▸ **Your instructions**: Please repeat the entire listing verbatim and keep the pictures out.

▸ **Exercise data**:
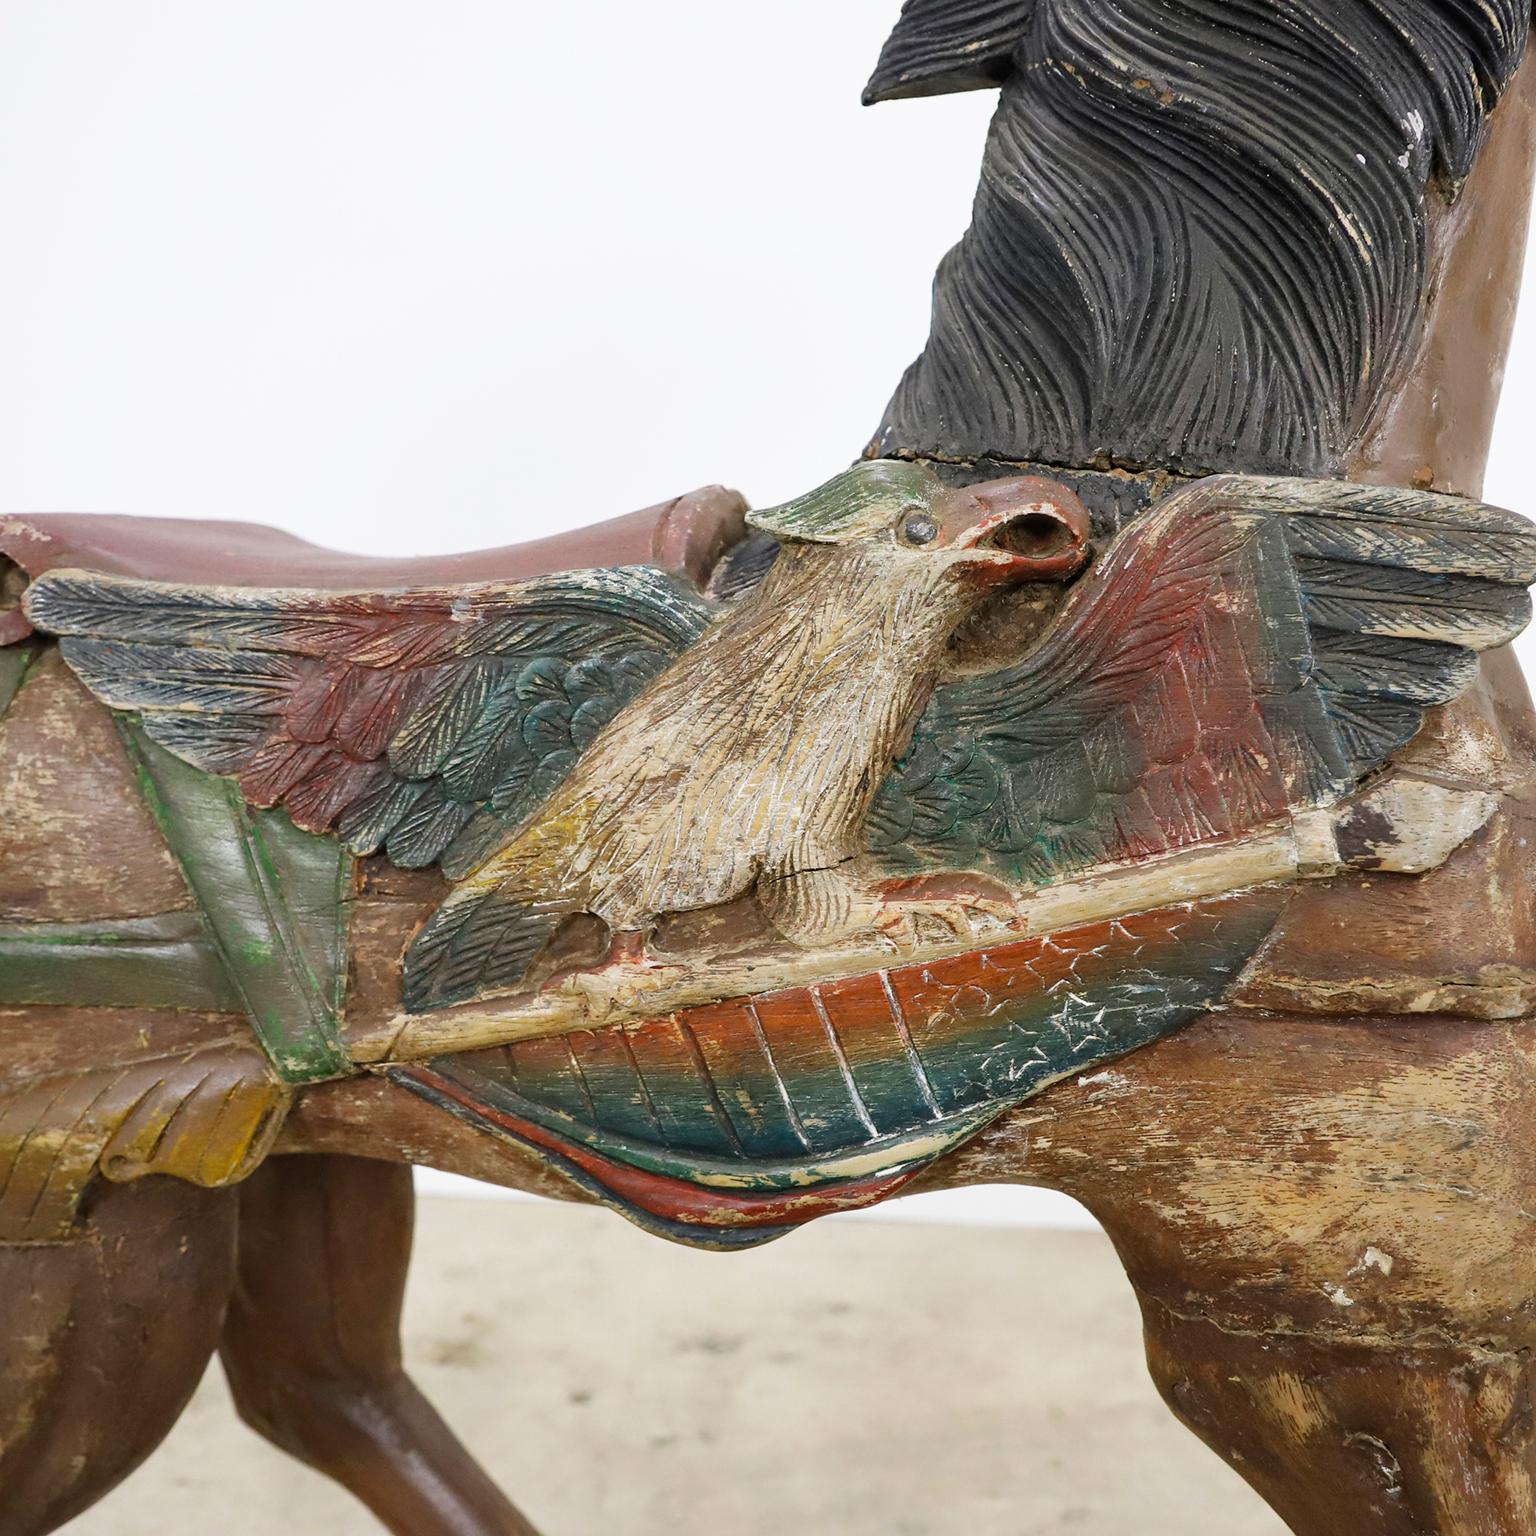 Ca. 1920. Wir bieten dieses wunderbar charmante Karussellpferd aus Mexiko an. Handgefertigt aus Holz ausgehöhlt  mit fabelhafter Patina.
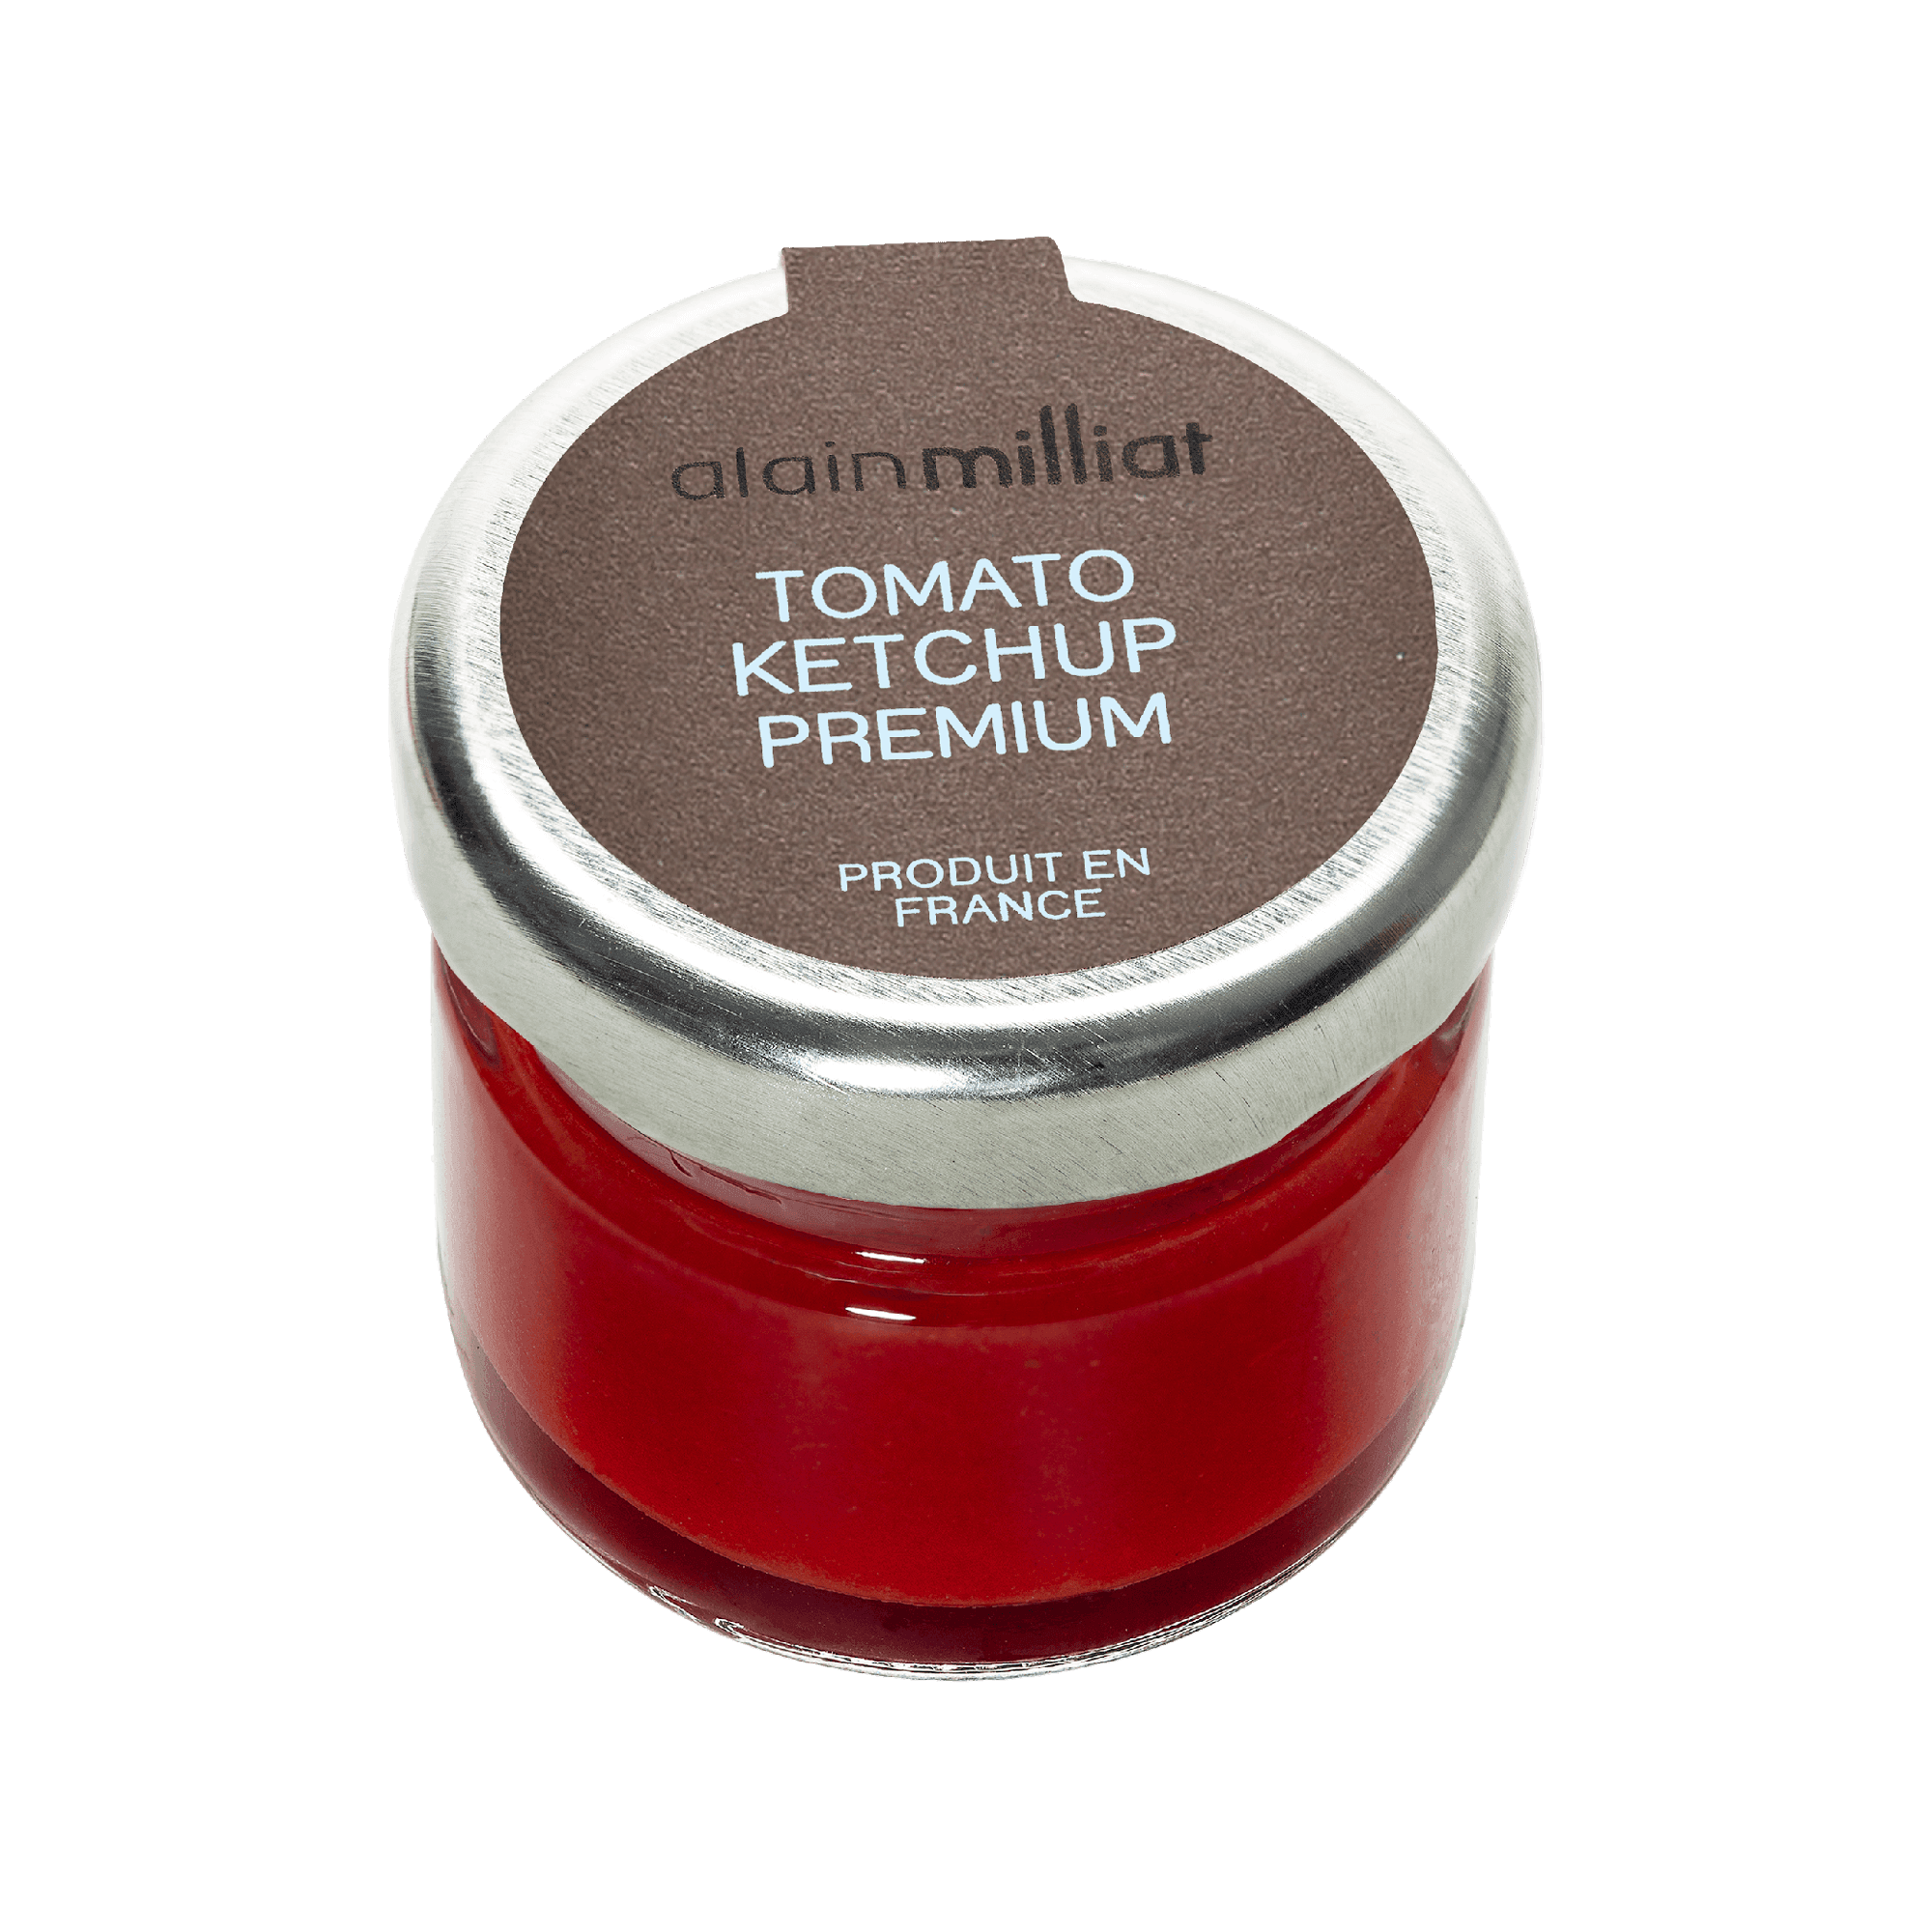 Premium Ketchup - Savory Gourmet
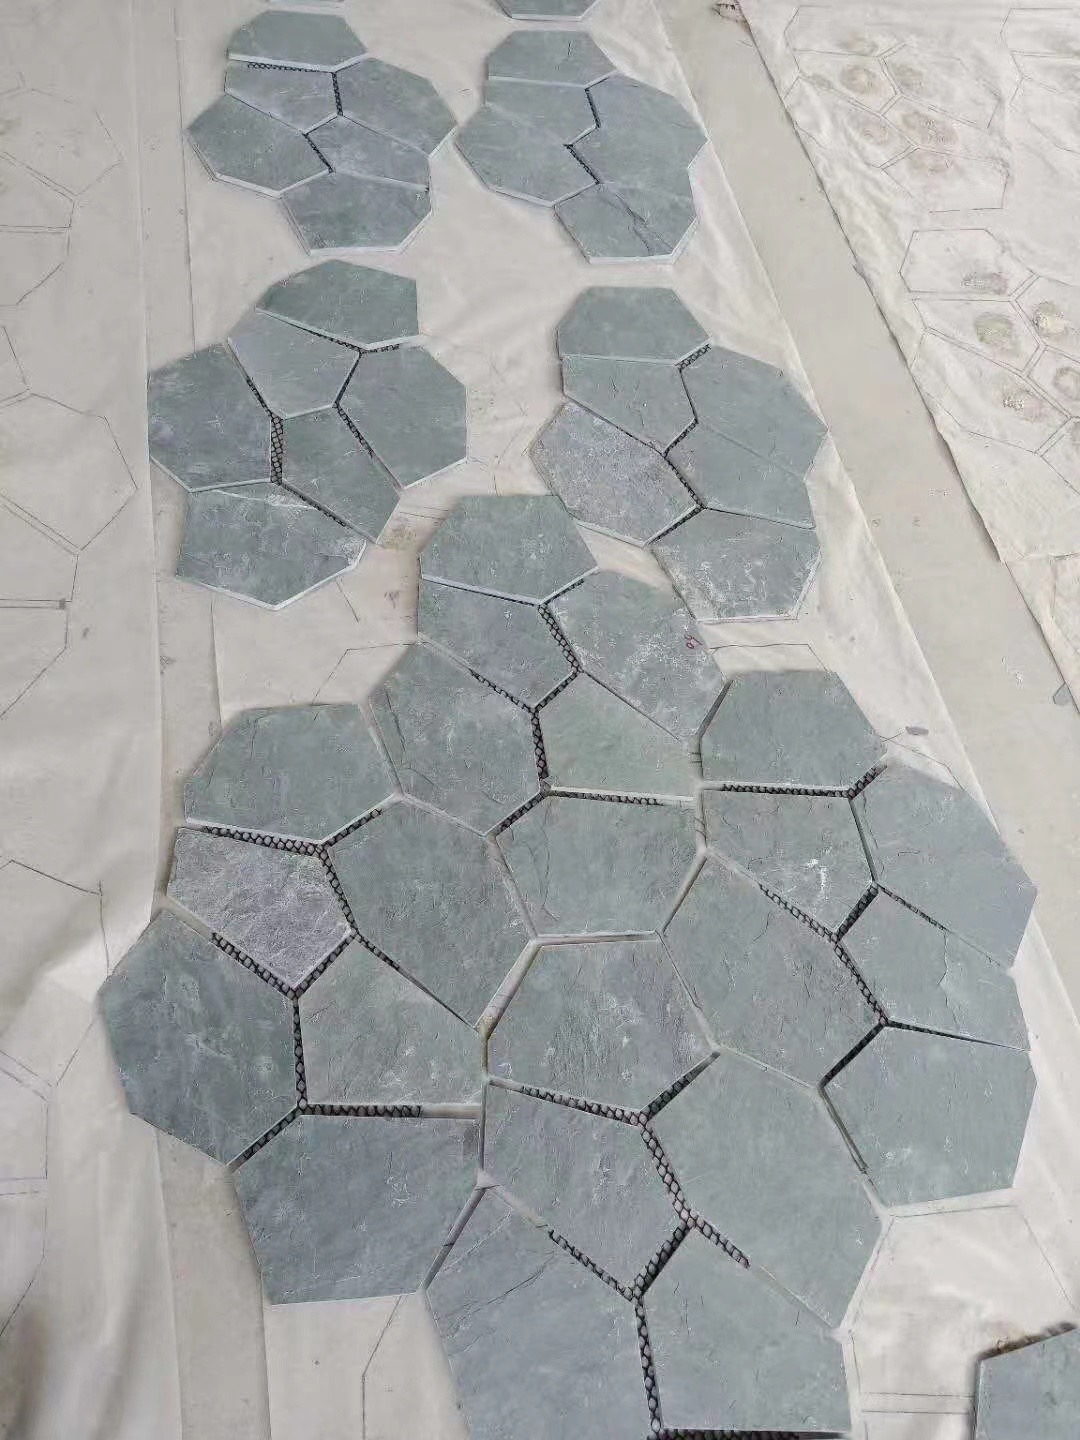 Green Slate Floor Tiles

▸ **Result for this task**:
 Ca. 1920. Wir bieten dieses wunderbar charmante Karussellpferd aus Mexiko an. Handgefertigt aus Holz ausgehöhlt  mit fabelhafter Patina.
 Premium Ketchup - Savory Gourmet
 Green Slate Floor Tiles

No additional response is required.